O estudo revelou que mais de 80% dos empresários reconhecem a importância do setor em momentos críticos

 

Mais um ano se inicia e com ela a crise sanitária e hospitalar volta a se agravar com o surgimento das novas variantes da Covid-19. Nem mesmo a Organização Mundial de Saúde (OMS) se arrisca a fazer qualquer previsão sobre o fim da pandemia do coronavírus. Uma pesquisa realizada pelo Instituto de Relações Públicas (IPR), analisou 300 executivos de comunicação e gerentes seniores para entender como as empresas estão preparadas para o cenário. O resultado apontou que 81% dos entrevistados reconheceram a comunicação da sua empresa como essencial ou muito importante durante a pandemia.

 

Mesmo após dois anos de experiências em um cenário pandêmico, a maioria das empresas ainda têm feito os esforços para se preparar para cenários críticos. A pesquisa do IPR mostrou que apenas 30% sentiram que suas empresas estavam “extremamente” preparadas para lidar com uma crise, enquanto 55% disseram que estavam “um pouco” preparadas. Mesmo assim, mais da metade dos entrevistados (44%) disse que seu plano de comunicação de crise não incorporou as diretrizes para doenças pandêmicas. Ainda mais preocupante, 10% dos entrevistados acreditam que não têm um plano de comunicação de crise.

 

Léo Capibaribe, diretor-geral da Capibaribe Comunicação avalia que, com a situação pandêmica, o mundo teve que se adaptar com rapidez a um novo formato de vida e um dos grandes destaques, nesse sentido, foi a transformação digital. As trocas de paradigmas foram além disso e a crise trouxe, entre outras coisas, uma nova forma das marcas conduzirem as Relações Públicas.

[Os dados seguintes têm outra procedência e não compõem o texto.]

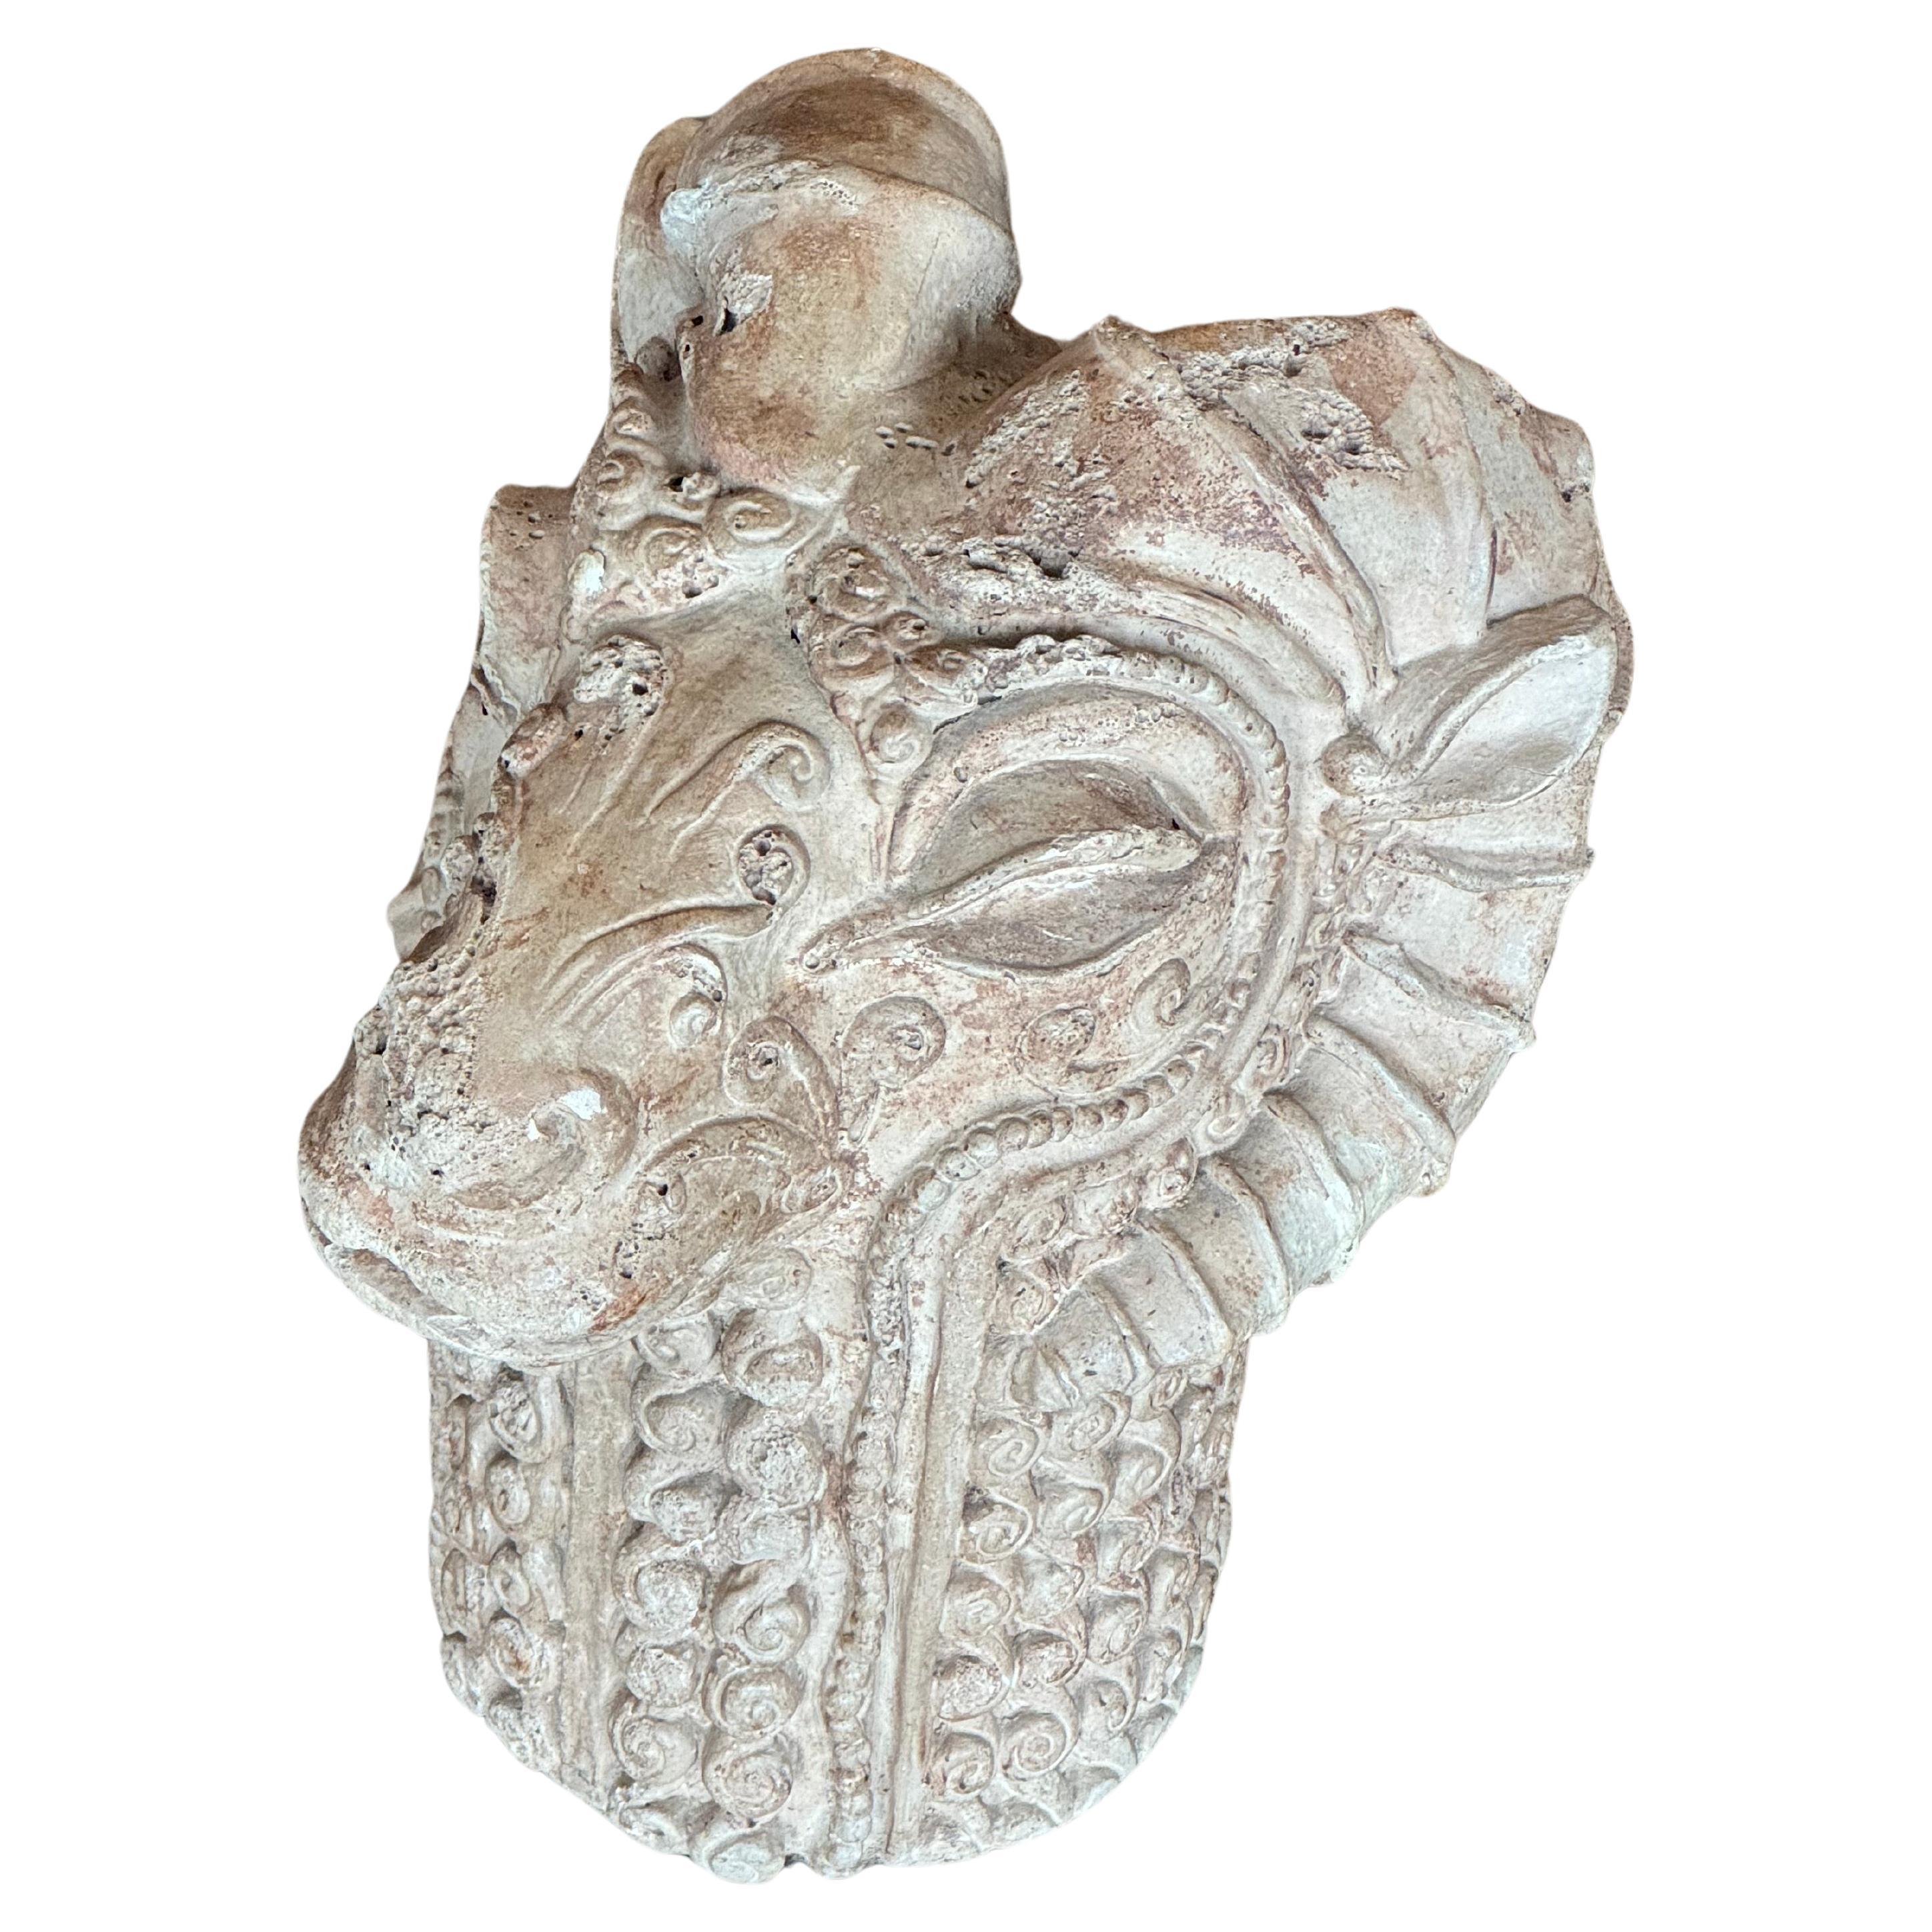 Cette figurine de tête de bélier du milieu du siècle est un accent décoratif idéal et sert également de serre-livres fonctionnel. Fabriqué avec des embellissements méticuleusement sculptés à la main, il arbore une charmante patine naturelle et une
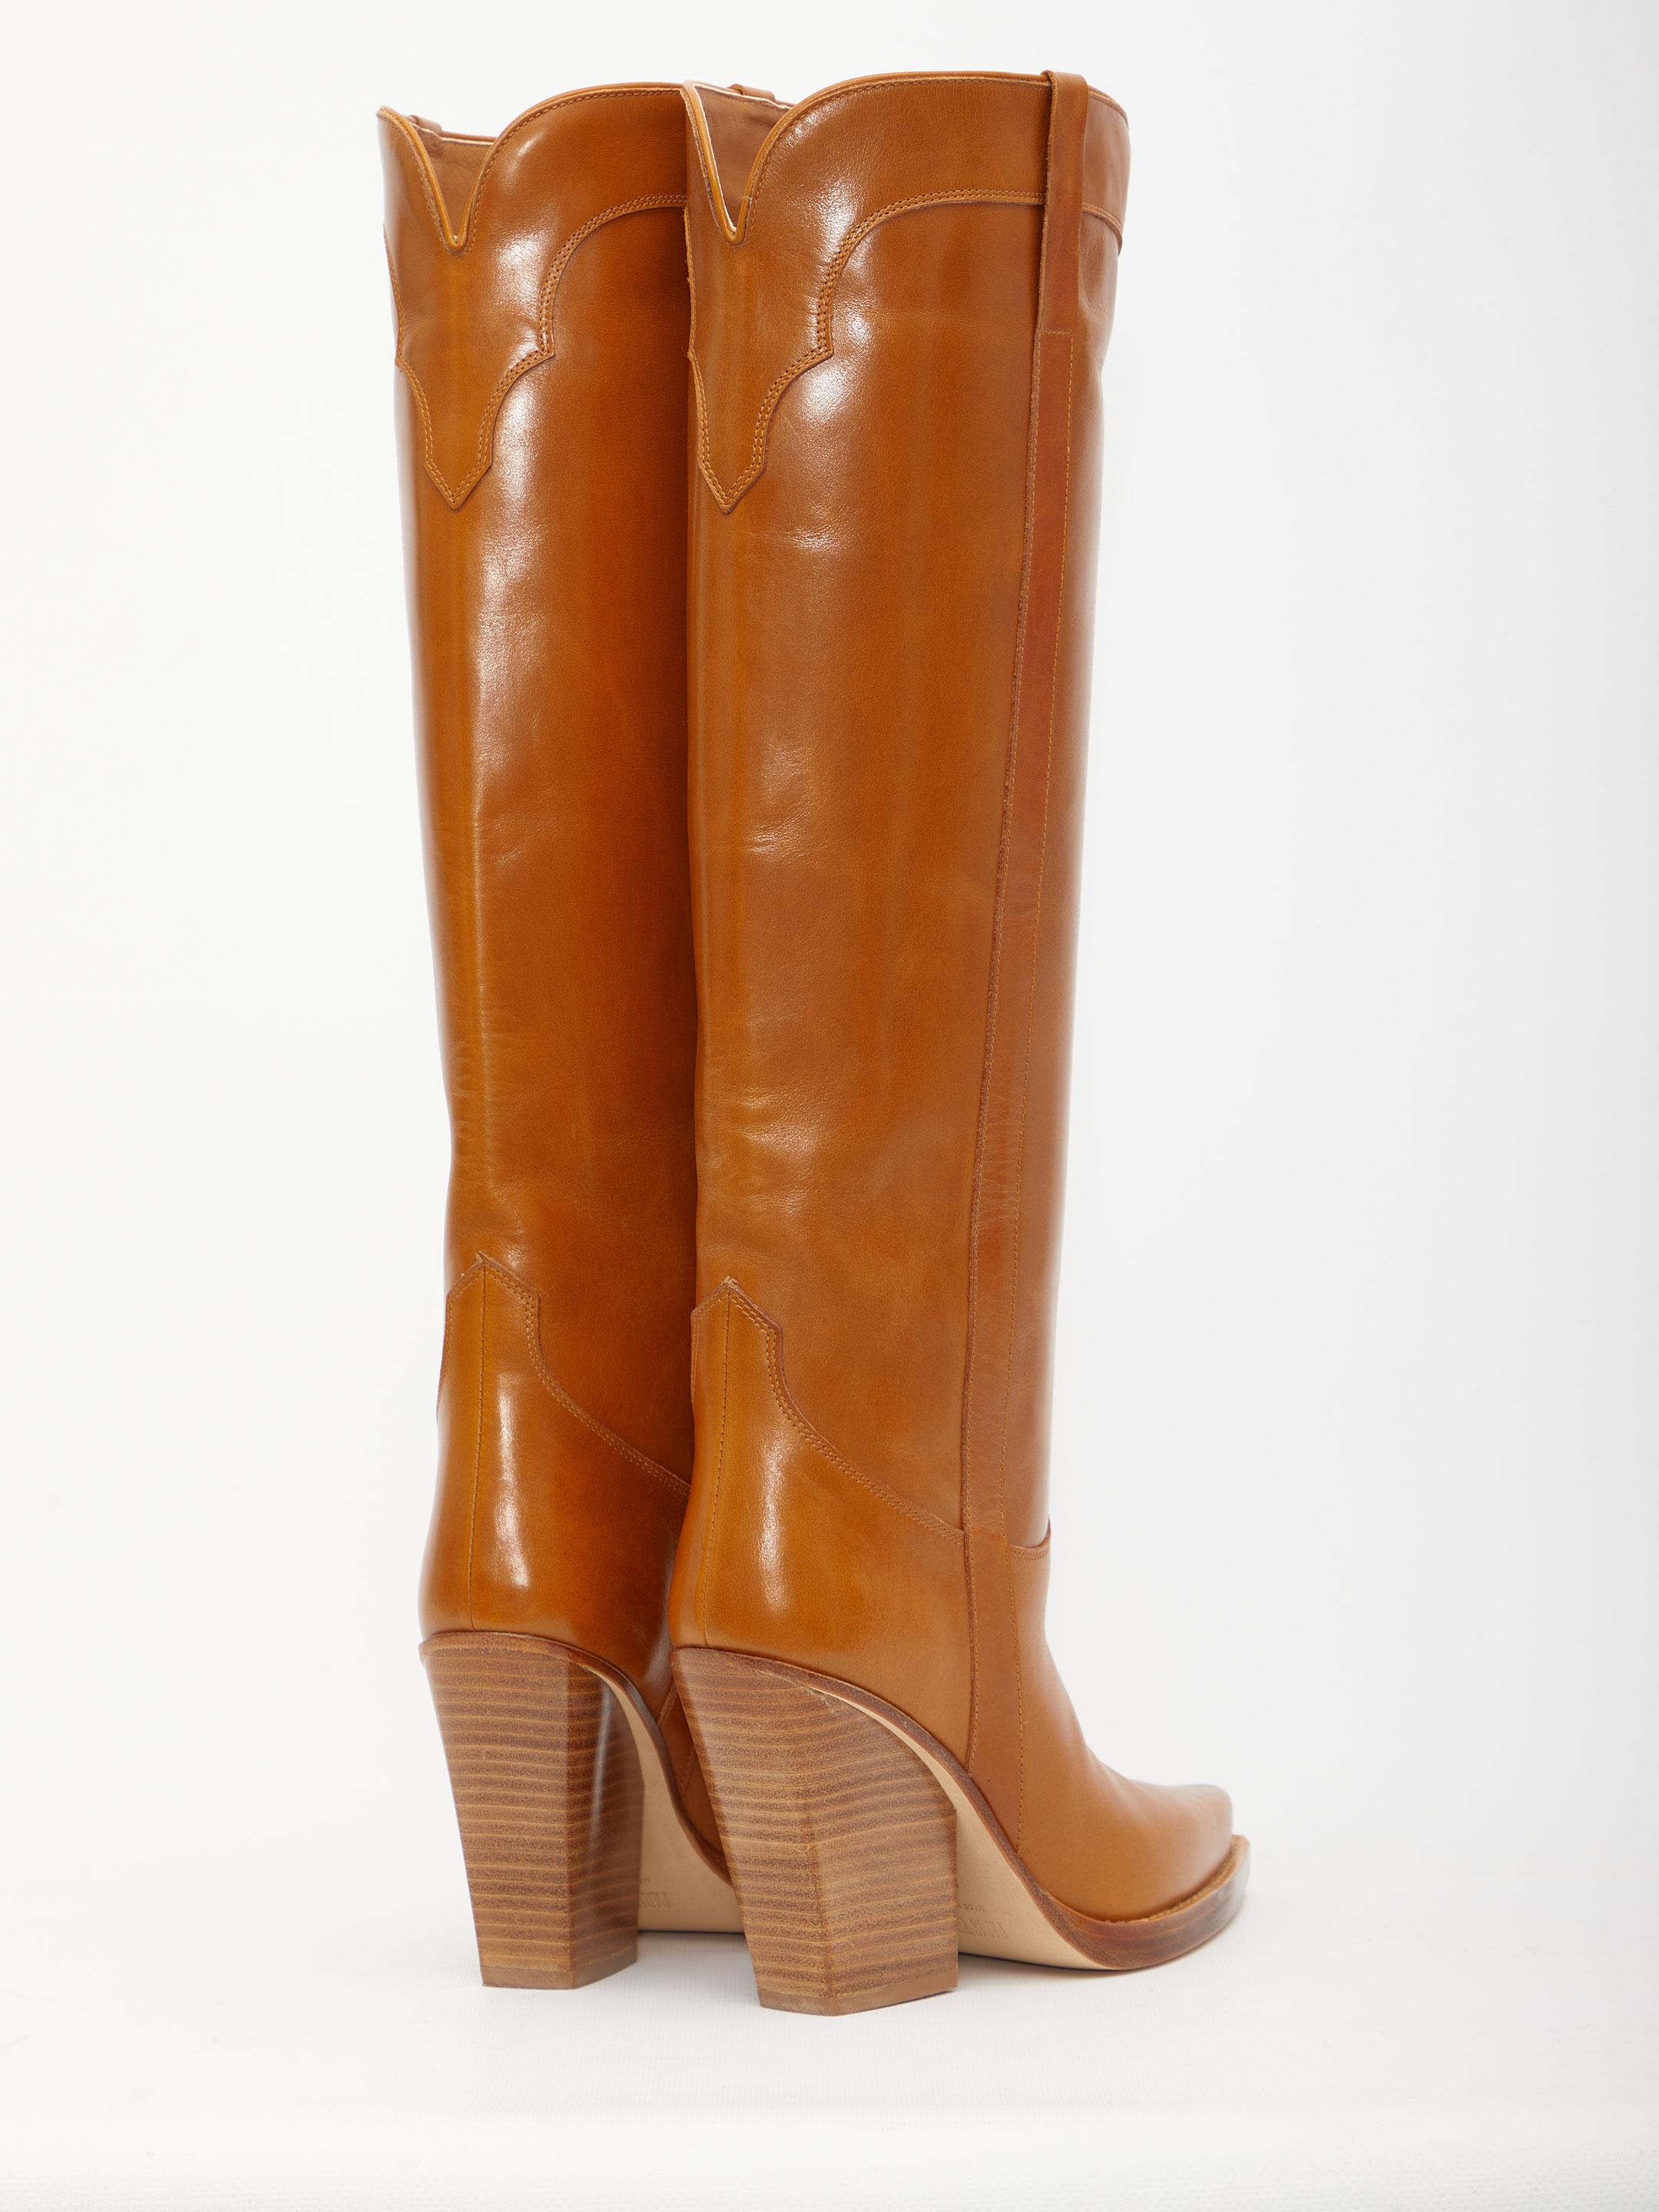 Paris Texas Leather El Dorado Boots in Brown - Save 13% | Lyst

Se antes as relações eram mais presenciais, hoje, estagiários, aprendizes, funcionários efetivos e os cidadãos como um todo interagem mais virtualmente. 

 

“Essa nova realidade impôs a necessidade de ter informações mais precisas, respostas mais rápidas e estratégicas a situações imprevistas, além de monitoramento de mídia abrangente e inteligente. As trocas de paradigmas foram além disso e este cenário pós-pandêmico trouxe, entre outras coisas, uma nova forma das marcas conduzirem as Relações Públicas”, explica.

 

Os dados também apontam que a Comunicação Interna foi mais requisitada no período, sendo considerada “muito ativa” por 75% dos participantes, em comparação com os 58% do conteúdo veiculado externamente. Sobre o preparo para atender às demandas da pandemia, 46% considera que seus setores de Comunicação estavam “preparados” e 41% acredita que os departamentos estavam ”muito preparados”.

 

Também foi identificado que, desde o início da pandemia, apenas 23% das organizações revisaram inteiramente seu plano de gestão de crises, enquanto 32% afirmam ter feito algumas mudanças. Cerca de 34% não atualizaram seus planos, ou não possuem. Entre os que fizeram alterações no planejamento, 57% passaram a incluir ações que preveem novos cenários pandêmicos.